Backing up the VM that is running Xen Orchestra

techjeff

Thanks again for amazing solution that I can use at home for learning purposes despite my lack of a corporate budget for support!

I recently updated some of my backup jobs to include the VM that runs my Xen Orchestra that was built from sources.

Assuming everything would work fine (this is all at home and I'm learning, so its not mission critical) I waited a few days to check back in on the status of my backups. Lo and behold all of the backup jobs that included my Xen Orchestra VM were being marked as interrupted. IT appears that taking the initial snapshot of the Xen Orchestra VM is breaking the backup job, which in retrospect makes sense.. if you tell XAPI to take a snapshot of XO, execution pauses momentarily, and this seems to bork the backup job that XO is managing.

So, this leads me to ask what is the recommended way to backup my XO vm?

I have briefly brainstormed the following idea and I would like to know if it makes sense or if there is a better way that I'm not aware of.
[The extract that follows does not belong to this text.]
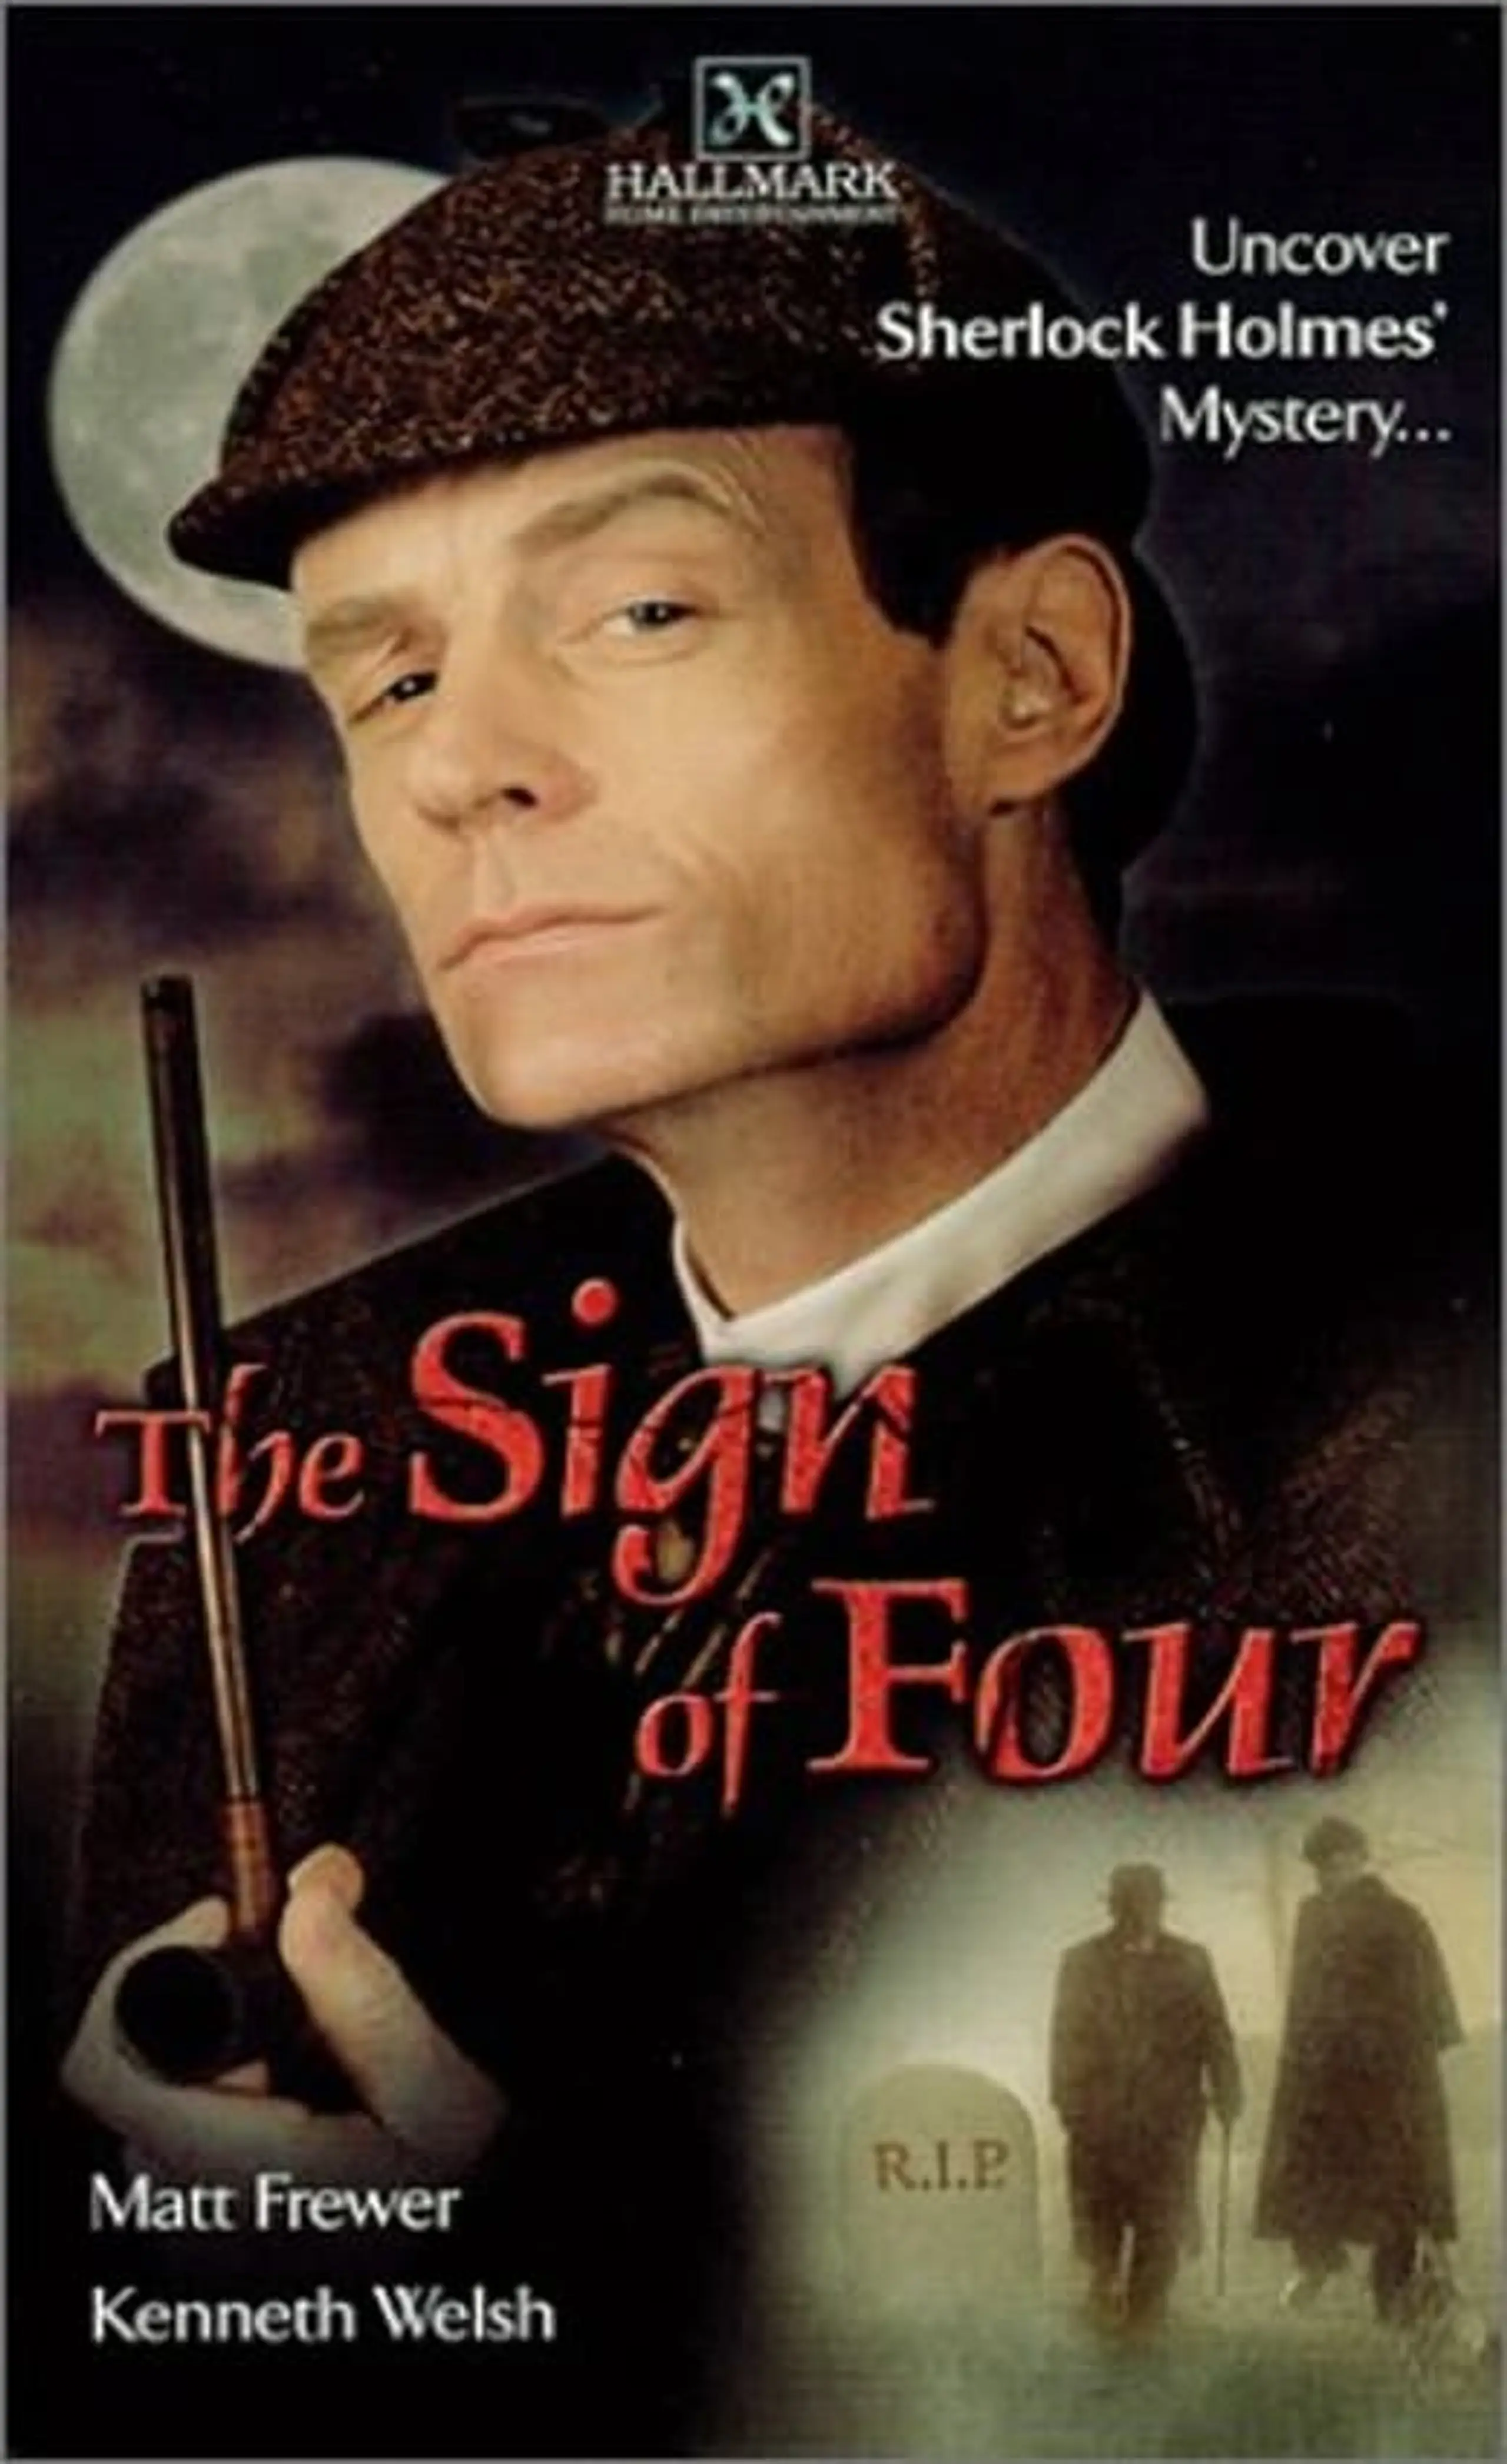 Sherlock Holmes - Das Zeichen der Vier

Create a XO Job that boots up a duplicate XO vm (let's call it XO2) in the ballpark of 10 minutes before XO2's scheduled back up of only my primary XO vm (let's call it XO1)
As per the schedule of XO2's backup job, it will backup XO1 (I will schedule to ensure that XO1 will not be running any backup jobs)
Some time in the future (long after the backup of XO1 should be complete) shut down the XO2 vm since it is no longer needed.

Any suggestions or feedback are greatly appreciated.

Thank you.

techjeff

@Andrew @Danp - I discovered my boneheaded oversight

I have been developing on a one-shot systemd service with a timer for automatically renewing my short-lived XO certificate daily between a prescribed window of time using my local Step CA instance's ACME provisioner. It has been a fun project and I now have mostly automatic renewal of short-live certificates using what is essentially a private letsencrypt server that uses the CA that I generated.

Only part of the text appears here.